What I'm going to try, is to take out the special regex specifiers (?, and ?:), although I'm fairly sure that ?: functions for PHP4 (I saw it being used with core).

I really want to be very specific for faulty created tags, and the patch you supplied doesn't do enough error checking.

Ibn al-Hazardous’s picture

Ah, I can see your point. It mustn't match the next ] but the next ] that is not enclosed in "". And in the second instance it mustn't split on all ; but again only on those not enclosed in "". That makes your regexp a lot clearer to me. <:)

So, a reasonable test-set would look somtheing like this

Text[attach] more [attach:setting="test for evi] trap"]  don't attach] [attach:setting1="more \" and \" more";setting2="and ; more";setting3="and the last = one"].

And this should yield (if we put a print_r in the loop):

$settings=( )
$settings=(
  'setting'=>'test for evi] trap'
)
$settings=(
  'setting1'=>'more \" and \" more',
  'setting2'=>'and ; more',
  'setting3'=>'and the last = one'
)

Right? Any more test cases I haven't thought of?

What if a malicious entity inserts funny characters in the key?
[attach:set]ing="gottcha!"]
Should we just invalidate all of the tag then?
Can the key be named anything, or just "setting\d*"?
And lastly, are both single and double quotes ok for enclosing the setting value?

rhys’s picture

Basically, the idea would be to invalidate any tag which does not meet the regex standards (i.e. completely ignore -- leaving it to be dealt with by the drupal system).

The key can be named anything that is a "\w\d*" sequence.
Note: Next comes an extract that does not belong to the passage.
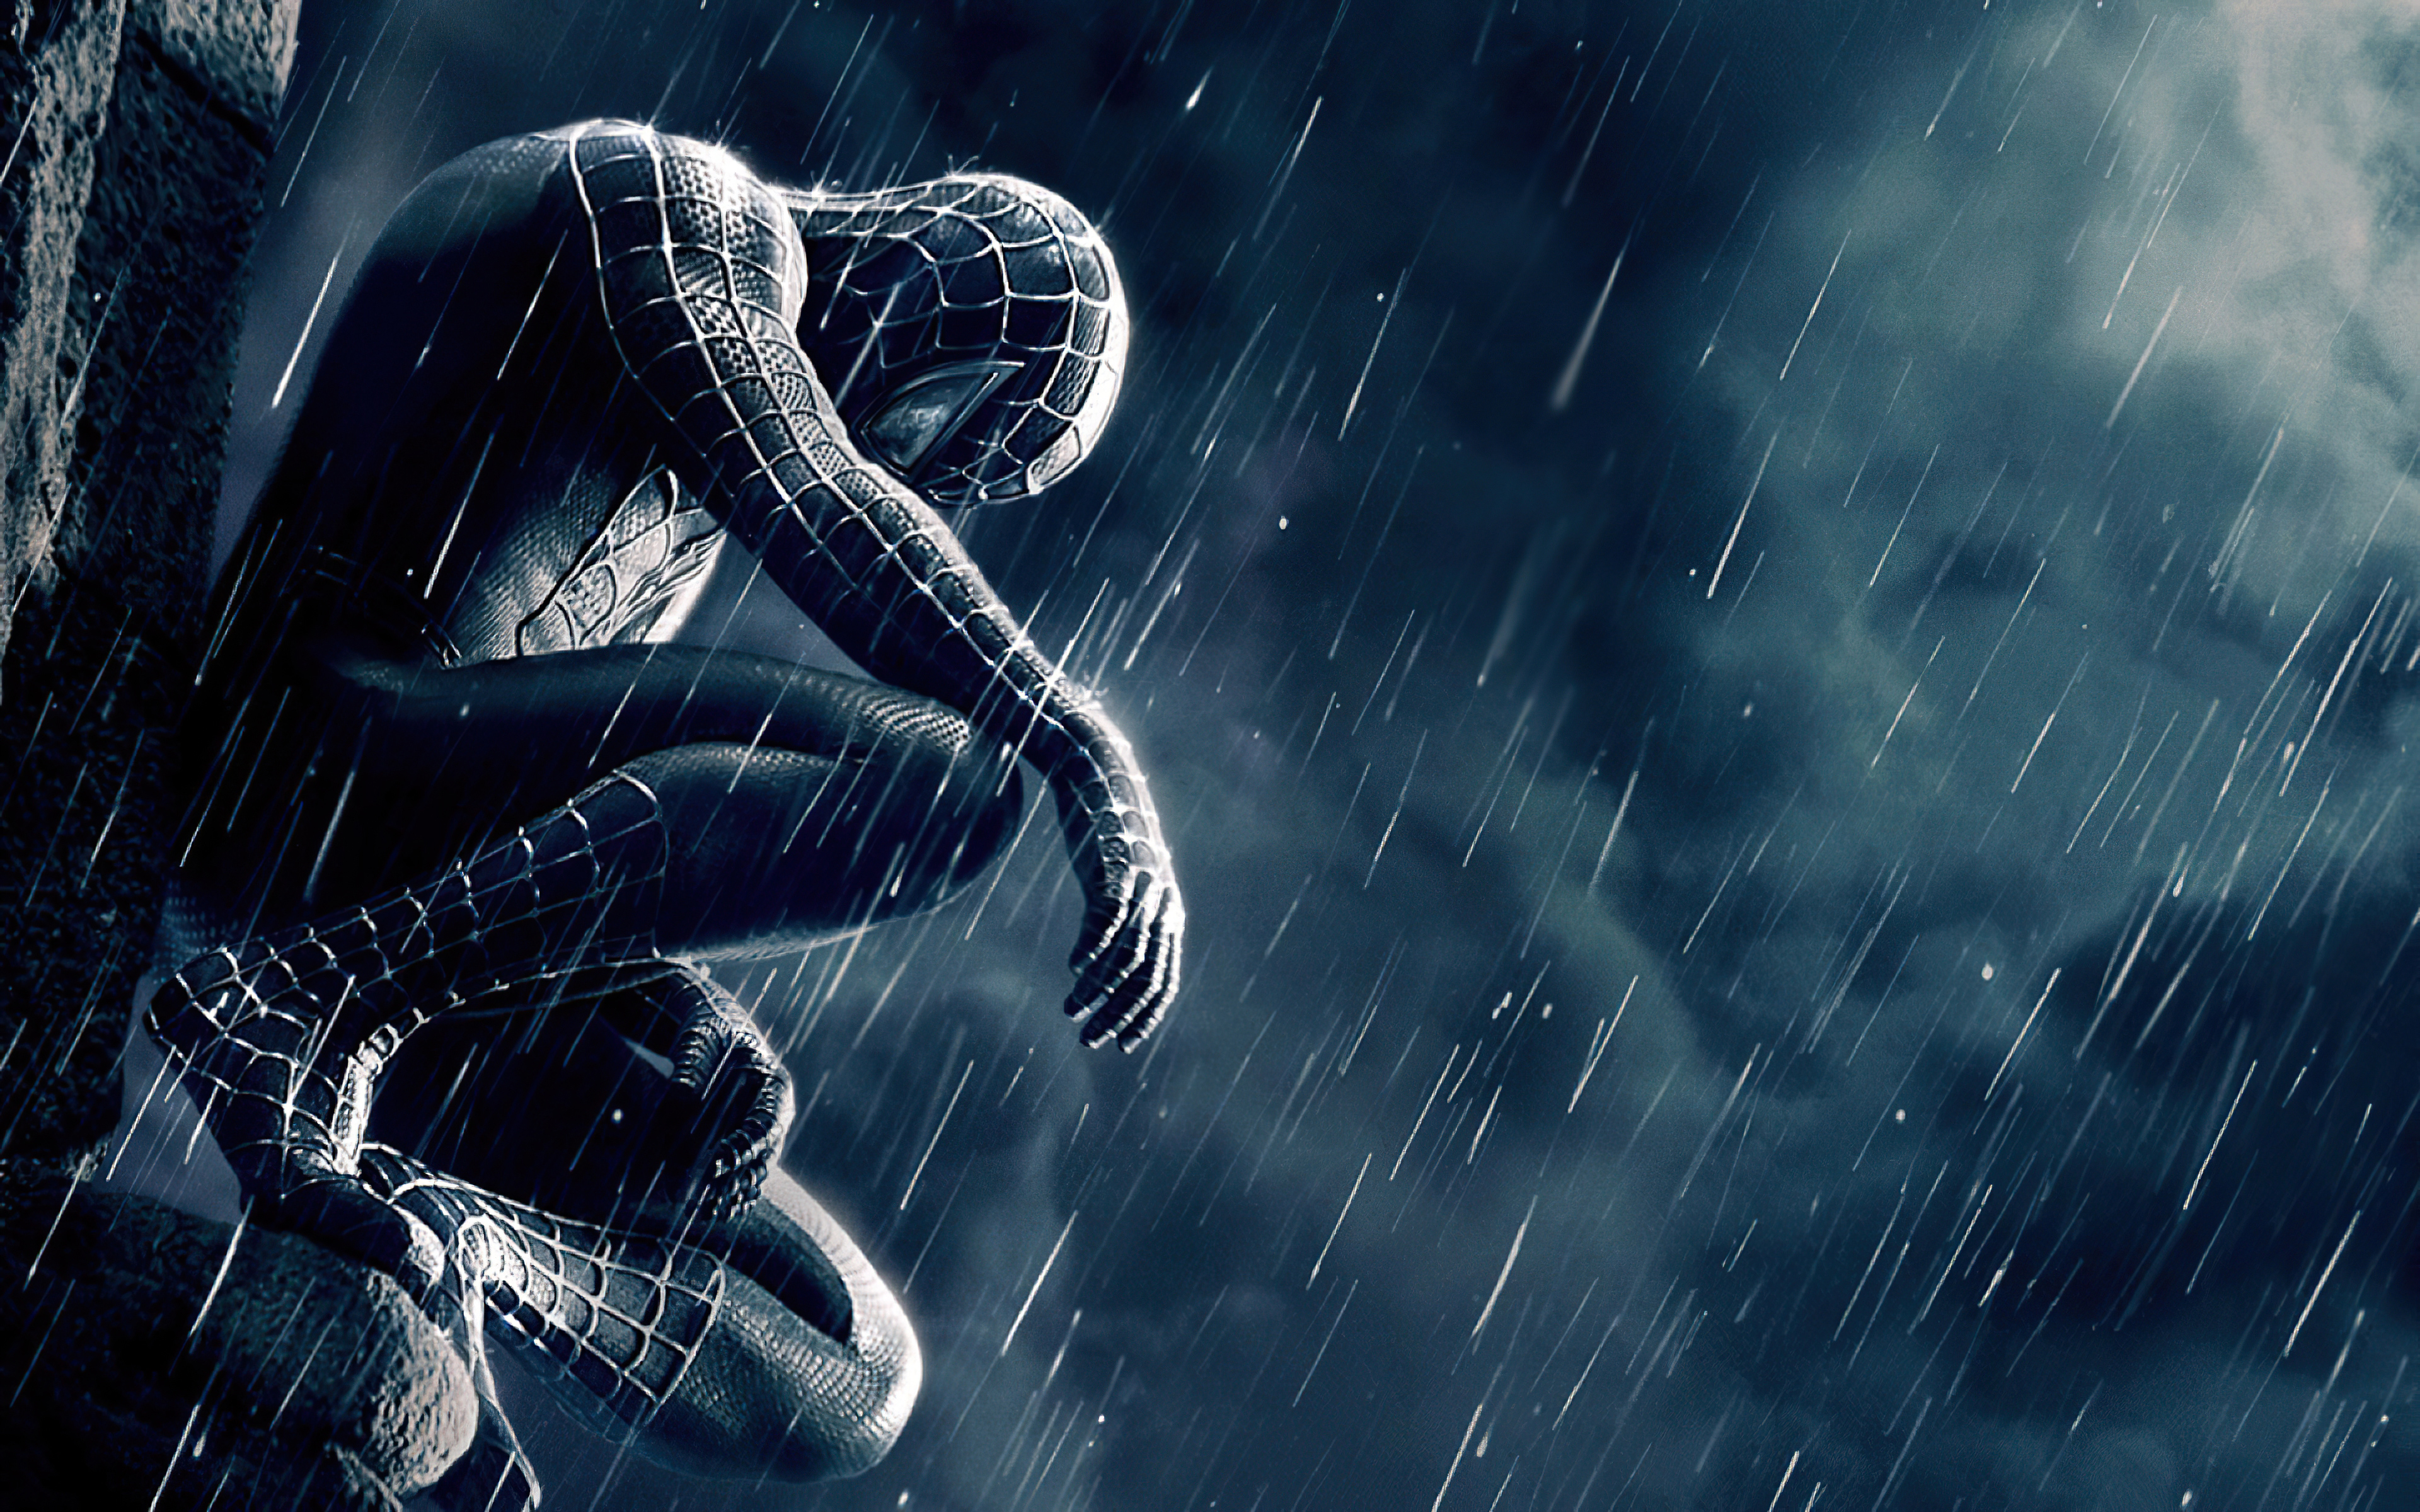 Điều đặc biệt về hình nền Spider-Man đen 4K với độ phân giải 2560x1080 là bạn sẽ thấy chi tiết cực sắc nét ngay cả khi màn hình rộng. Với đường viền đen bao quanh, bạn sẽ cảm thấy như đang tham gia vào cuộc phiêu lưu của Black Spider-Man.

I wasn't planning on supporting both styles of quotes (since this complicates the regex somewhat unnecessarily) - only the double quotes. If you can think of a reason, and a simple way to make it function, then feel free to add it. (Since I'll then try to update the general media filter to become somewhat closer in style).

rhys’s picture

Status: Needs work » Fixed

I've changed it so that the regex doesn't used the (?<> specifier... This should now function with PHP4.
I'll do the same with the media filter also, as it has the same problem.

Updated in the CVS. Actually quite a few things where added.

Anonymous’s picture

Status: Fixed » Closed (fixed)

Automatically closed -- issue fixed for two weeks with no activity.